--- AVAILABLE DATA ---
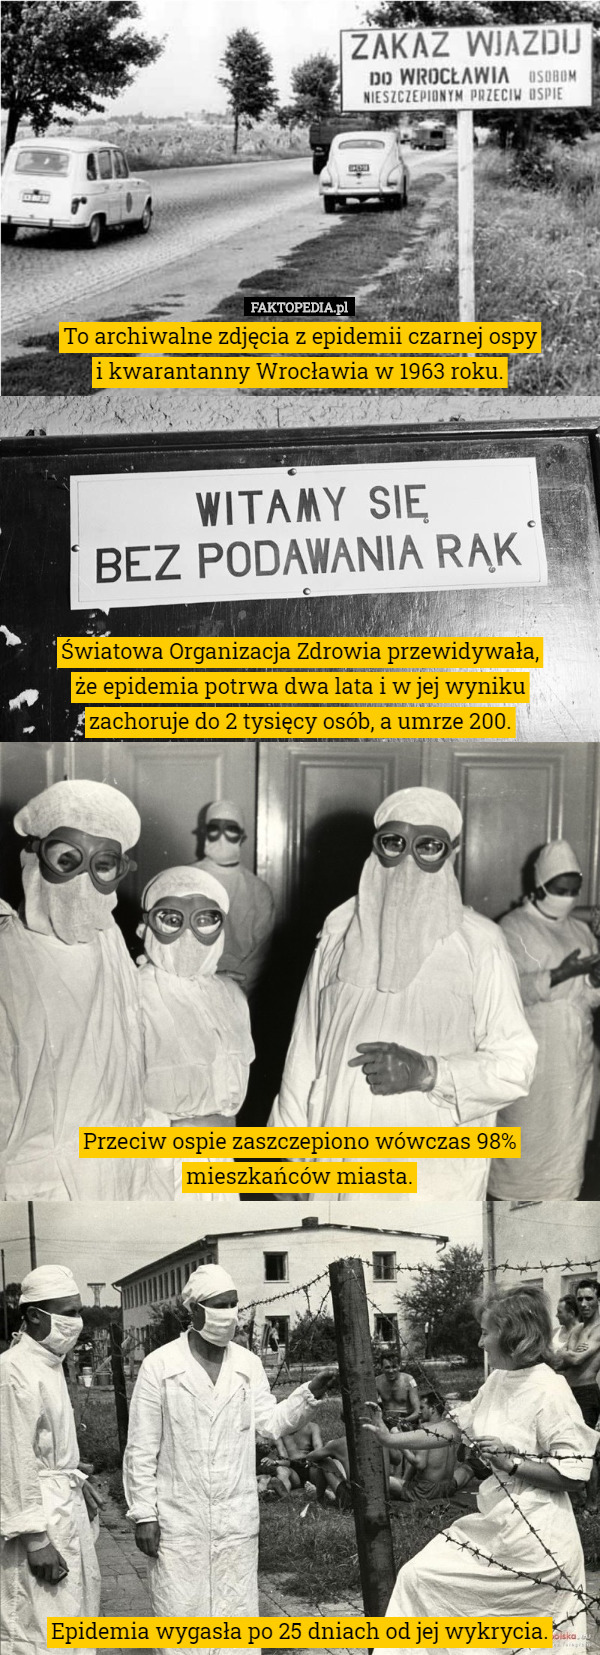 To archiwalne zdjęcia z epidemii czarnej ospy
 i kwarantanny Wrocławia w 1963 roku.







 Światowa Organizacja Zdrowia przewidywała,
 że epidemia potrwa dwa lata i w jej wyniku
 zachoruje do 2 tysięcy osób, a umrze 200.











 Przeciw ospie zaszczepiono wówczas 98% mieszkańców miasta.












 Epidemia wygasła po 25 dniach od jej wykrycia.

--- WHAT YOU NEED TO DO ---
Copy the listing above verbatim, leaving out pictures.

--- WRITTEN ANSWER ---
 To archiwalne zdjęcia z epidemii czarnej ospy
 i kwarantanny Wrocławia w 1963 roku.







 Światowa Organizacja Zdrowia przewidywała,
 że epidemia potrwa dwa lata i w jej wyniku
 zachoruje do 2 tysięcy osób, a umrze 200.











 Przeciw ospie zaszczepiono wówczas 98% mieszkańców miasta.












 Epidemia wygasła po 25 dniach od jej wykrycia.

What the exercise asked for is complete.